A tenured professor at my university has hand-copied an out of print textbook in his field. His lectures consist of reading his hand-written notes from the text to his students. He does not deviate from his notes. He does not reveal the source of his notes. He often refers in class to "my notes" and "my lectures." His lectures are the same, year after year. Students do not have to go to class if they get good notes from others who took the course in previous years. Is this plagiarism?
In Germany this is very common in the undergraduate lectures. Usually we were able to go to the library after the first few lectures, look up all the popular books on the subject and find the one that the lecturer was following. You could then sit with it in the lecture and always predict what was said next. Some lecturers told us which books they were following, others had it directly on their desk, some tried to hide it, and some changed mid-term because the next topic was covered better in a different book.
Ultimately this practice helps everyone. A professor is supposed to do research and not spend days preparing an original lecture, and the popular literature on the topic will be much better structured and presented then your professor could probably do. Please be also aware that even when not published as a book, lecturers usually have material collections that they pass on when somebody else is giving their lecture in the next term.
So I am strongly suggesting that you report nothing as you will be probably laughed of by the department while leaving a bad impression.
Edit: There is also a general philosophy of "a lecture is not public", and therefore the usual rules for citations (and also copyright) do not apply.
I have a couple of observations from personal experience. As a grad student, I audited a course in functional analysis. We had a required text for the course. Each day, the professor came into class, opened the book to the appropriate place and started lecturing. In another course, which I actually took, the text was a well-known text on complex projective varieties. After a few days, I realized that what the professor was writing on the board looked awfully familiar, and checked the text (in class) and discovered that he was writing his lecture, verbatim, from the book. In neither case did I have a problem with what was happening. In fact, it made my job easier. As @Terri mentioned in another answer, this allowed me to concentrate on the material, instead of trying to copy it down. I read ahead and knew what was coming. Any useful asides that the prof mentioned were duly noted. Perhaps we were more indulgent of our professors back in the day.
In any event, I have been around the block a few times. There are things that are worth getting upset about. I don't think this is one of them.
Plagiarism refers to passing off others' ideas as one's own. If you are writing a research paper (researcher) or an assignment (student), there is an expectation that you are articulating your own ideas, unless you specify otherwise. If you are conversing with friends over coffee, less so. Class lectures are somewhere in between.
There may be many good reasons to hew extremely closely to the presentation in a book in lectures, especially in certain fields like math. It takes a lot of work to write a compelling set of notes on one's own, and there may be little to gain versus using something already canonical in the field. Of course, parrotting a random book from years ago may also indicate just laziness.

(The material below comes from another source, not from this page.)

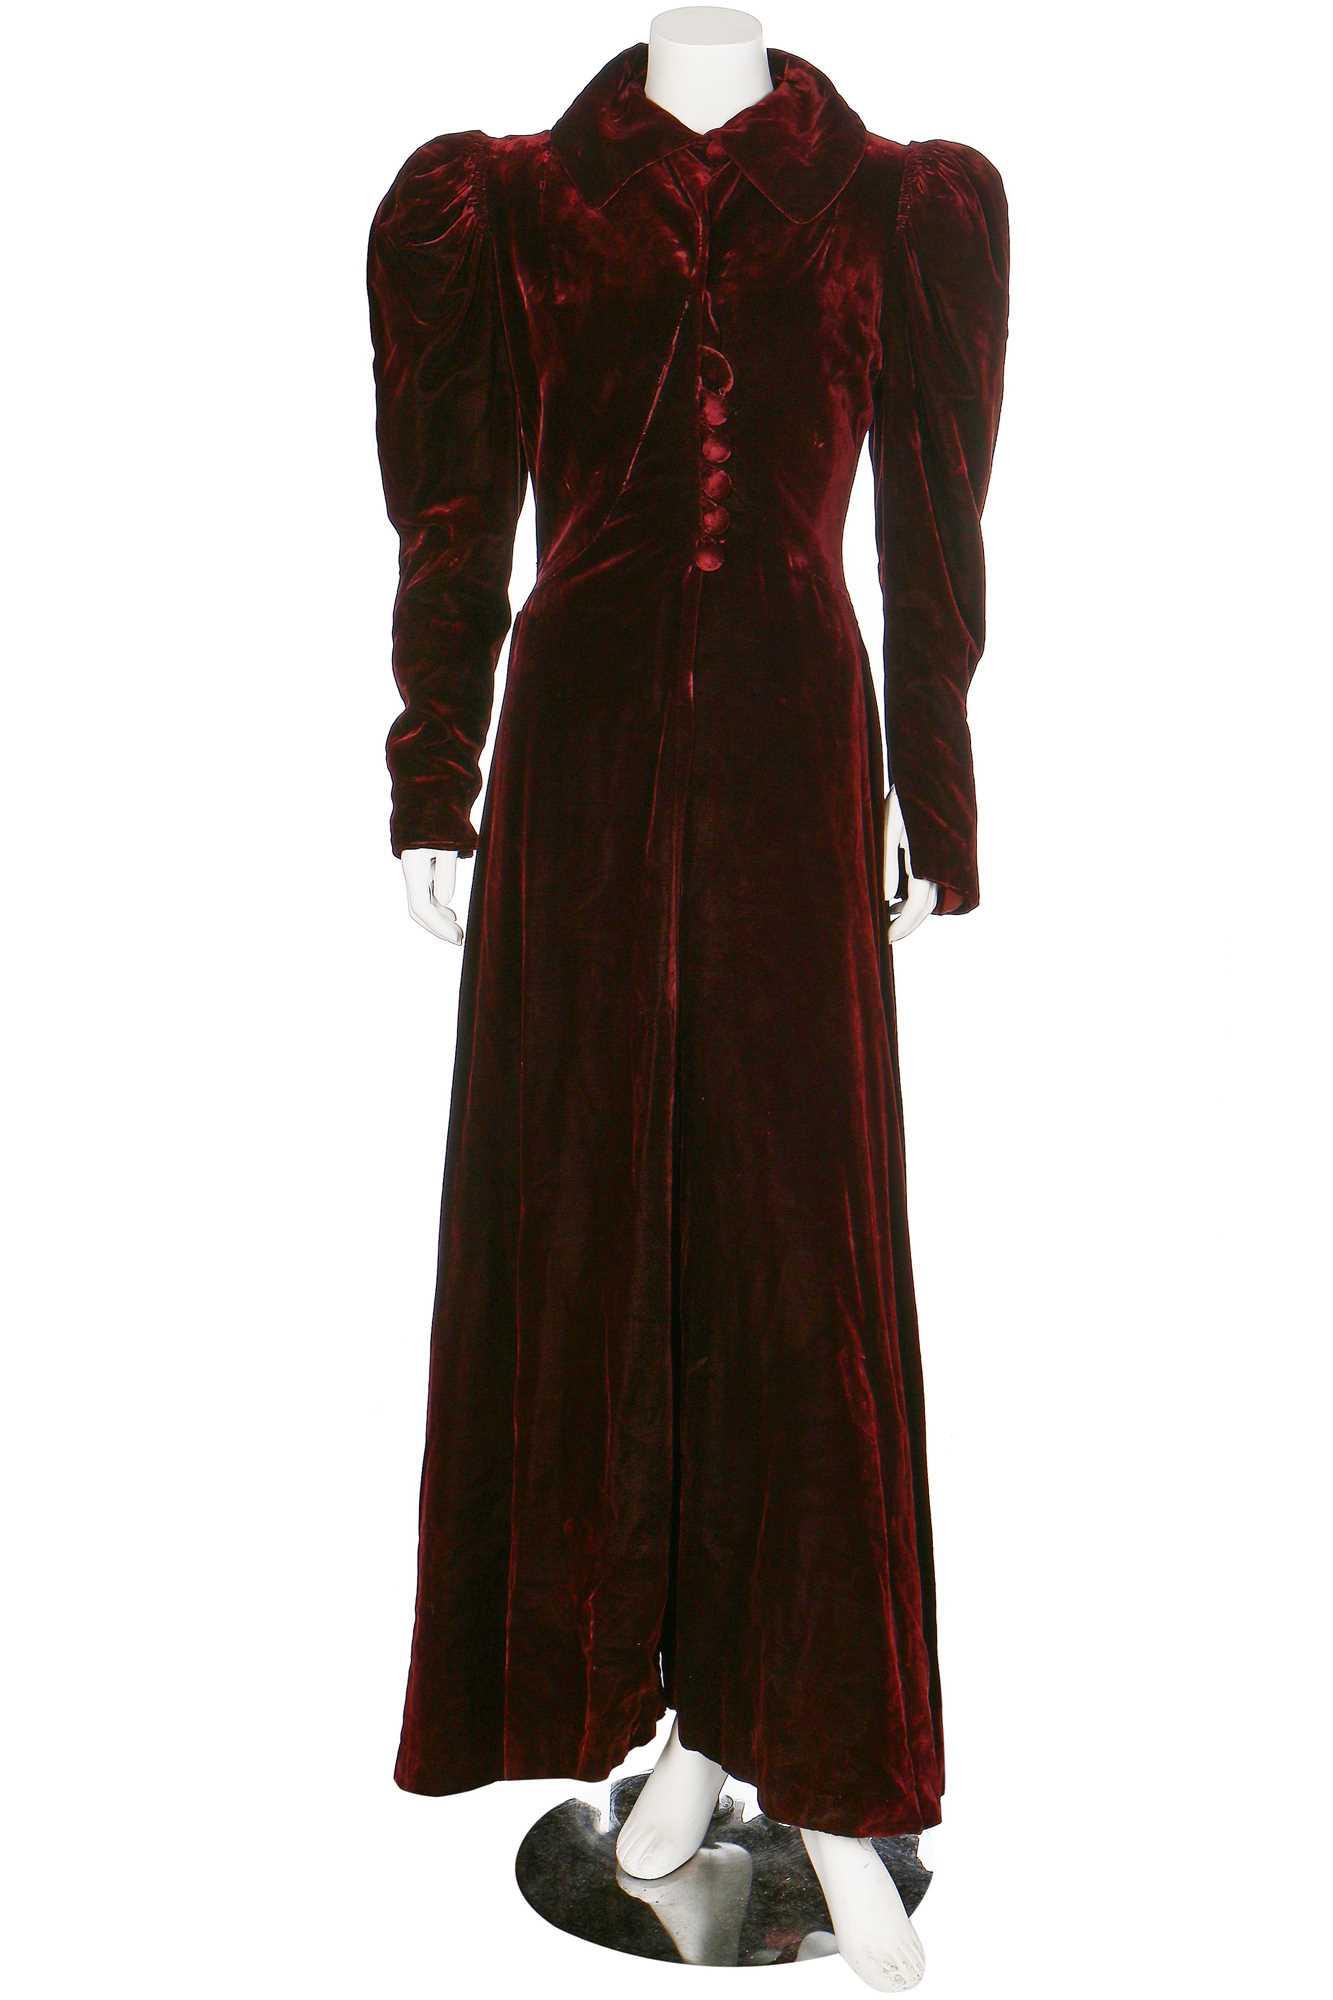 Lot 43-A bordeaux velvet evening coat with leg-o-mutton sleeves, 1930s
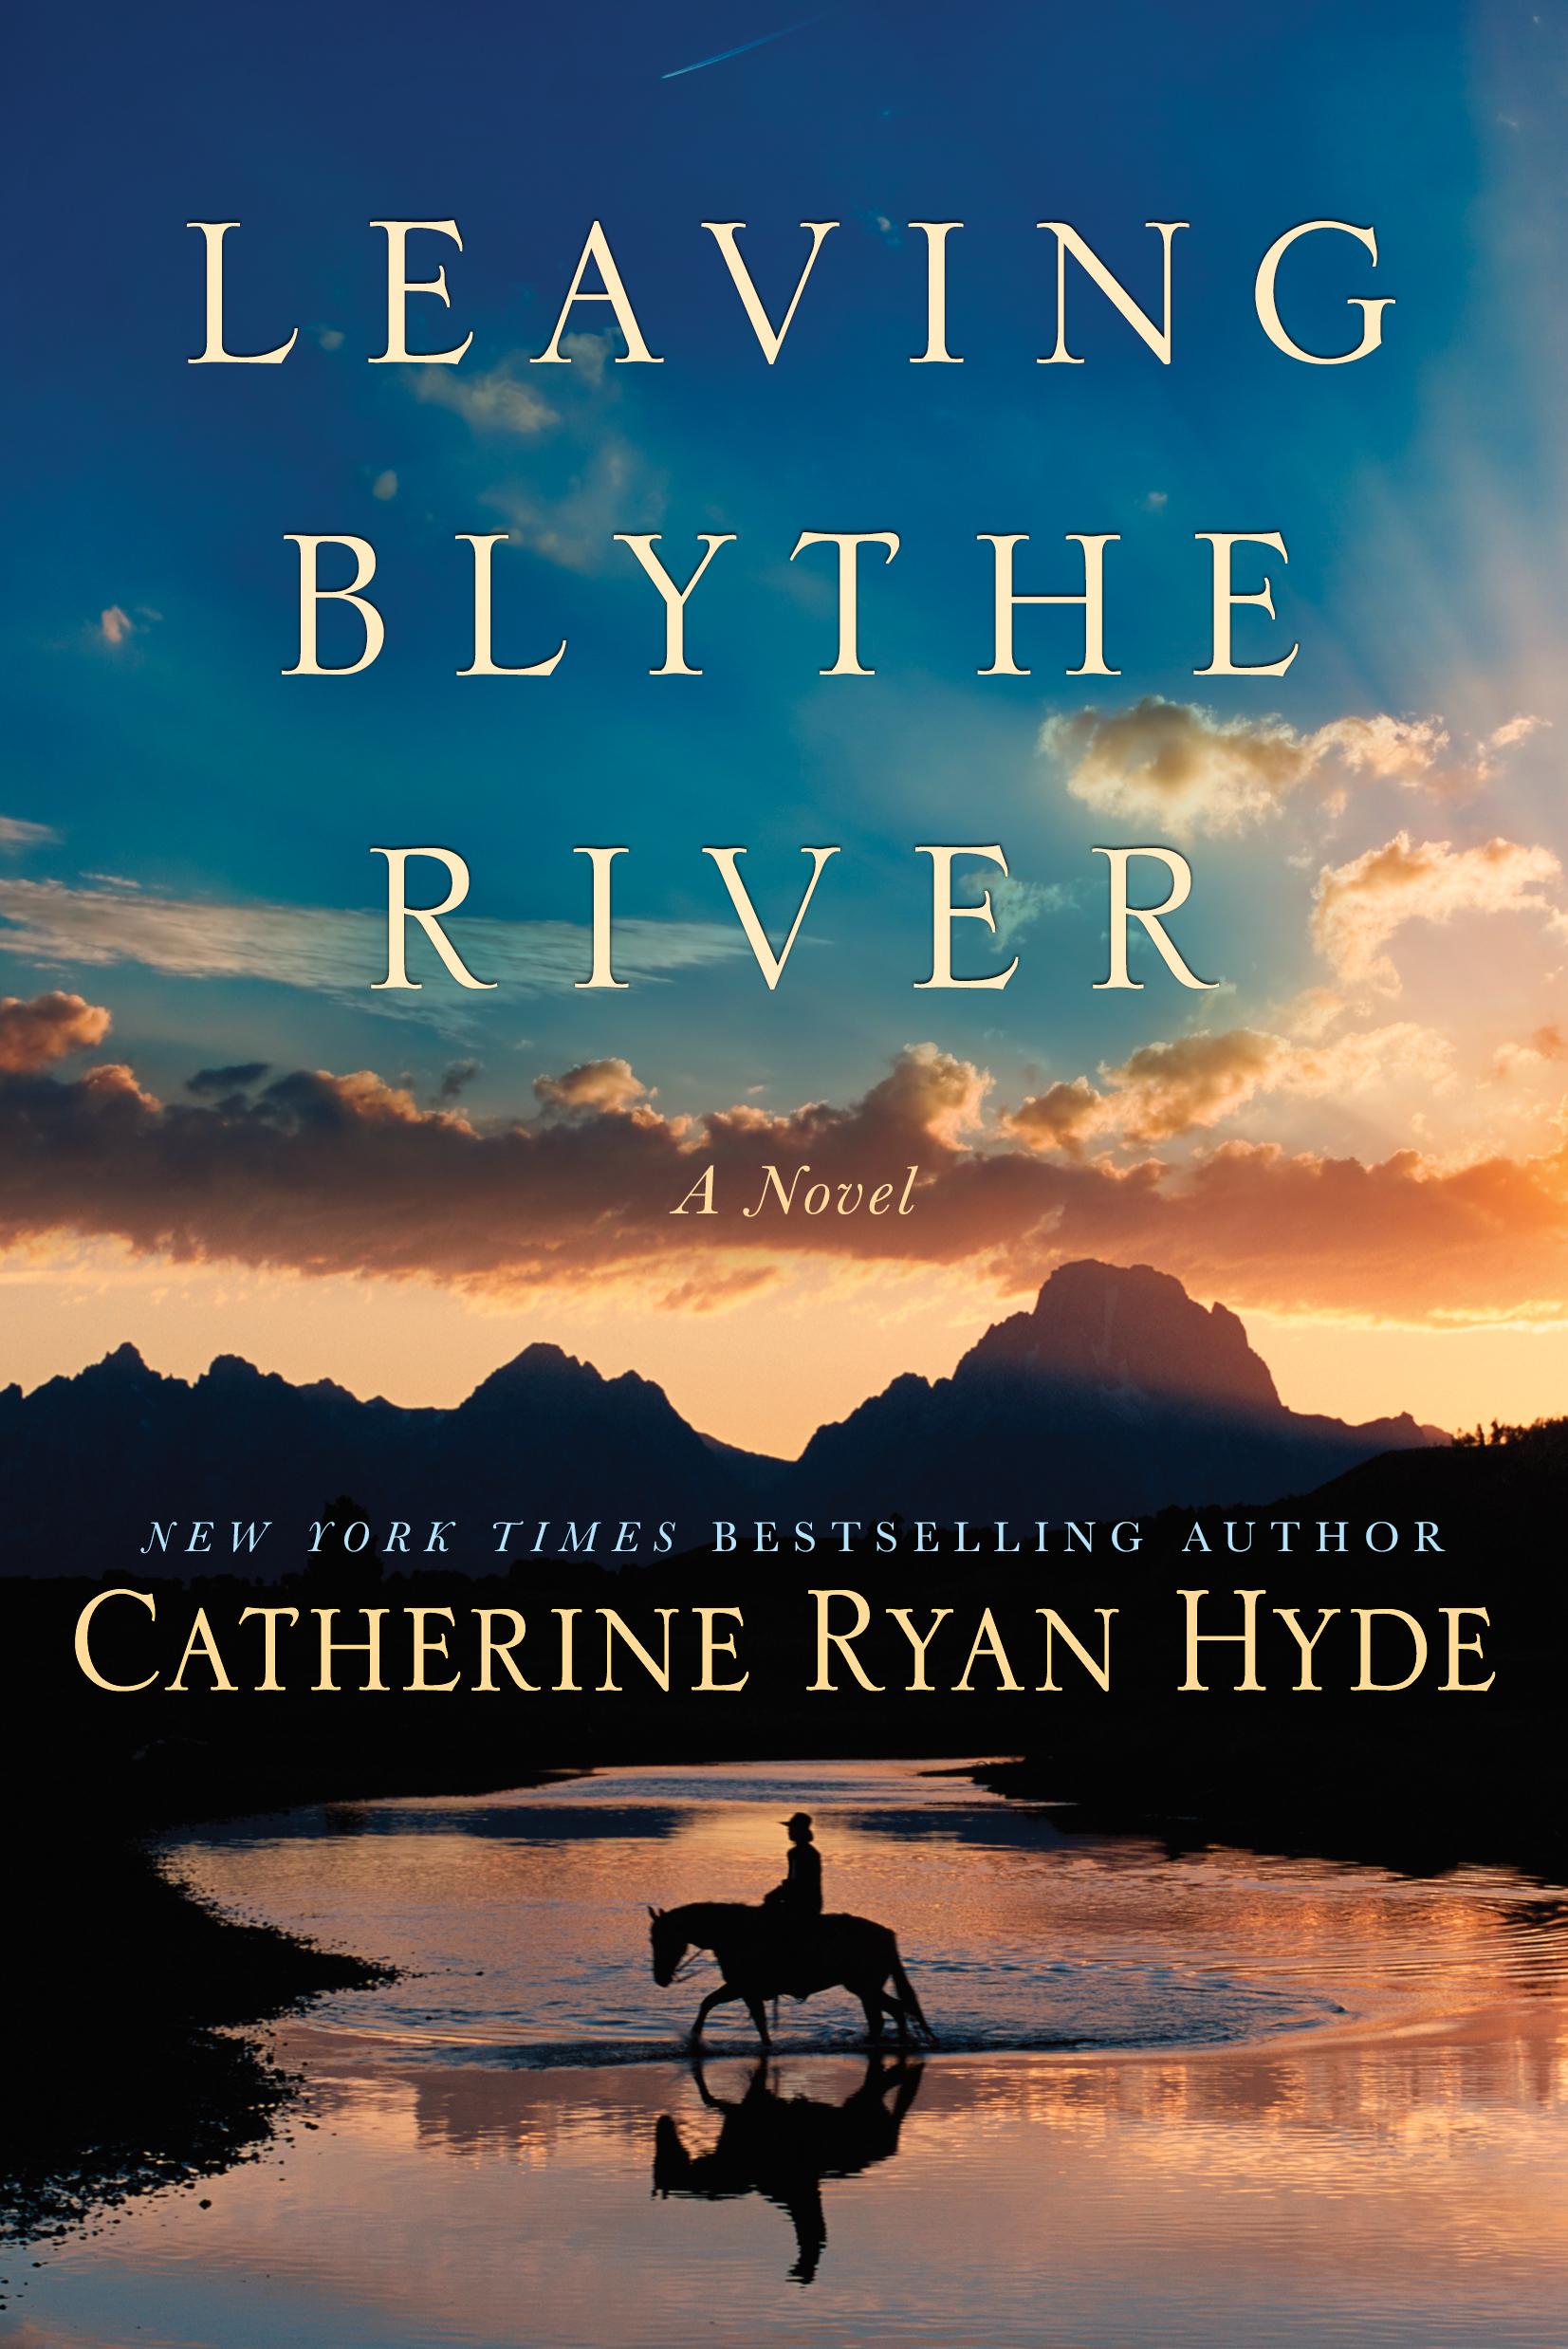 Hyde-LeavingBlytheRiver-21739-CV-FT-v2.jpg

I have definitely at various parts of my academic career lectured "from the [assigned] book", as well as on occasion presented my own material or lectured on part of the material from a different book. I definitely openly mentioned the source, as a natural habit of giving credit where credit is due, and of guiding students where to look (which in the case you mention may be more difficult if the book is out of print, of course). So it does seem weird the professor makes no mention of it, whether it is by design or by accident.
On its own, the use of the words "my notes" or "my lectures" could be using the word "my" as demonstrative, not possessive, i.e. merely which notes he is referring to (the ones he is transmitting to you) rather than taking intellectual credit for them.
All in all, the most likely interpretation seems to be of a pedagogically lazy dinosaur, rather than a nefarious plagiarist, or conversely a brilliant pedagogue bringing you a carefully selected optimal, but unfortunately out of print, presentation of the material.
Finally, putting words in your mouth to be sure, I'm sensing a feeling of injured inequality and hypocrisy here - "how come when we [students] do It it's plagiarism but when a tenured prof does It no-one calls it that". If that's the case, hopefully the distinction regarding assumed level of originality of ideas depending on the context will be helpful to explain it. It's worth also noting that the current level of vigilance about plagiarism on University campuses comes as a direct result of the ease of copying (without attribution) from the internet, with minimal reflection or internalization of the material. Being a bit of an old dinosaur myself, it is just not a theme we thought about as much years ago, when copying something meant manually transcribing it, and so was essentially as much work as rewording it. Still highly relevant for actual research, of course, but less top of mind for lectures, assignments, and the like. So if you pointed out to the professor that you were aware he was presenting "from X", he might well smile warmly at you and say "Oh yes, great that you're aware of X. Such a shame it's no longer in print. In my day, we all learnt [...] by copying out its presentation to understand it" and continue along serenely, with no thought of plagiarism in his mind.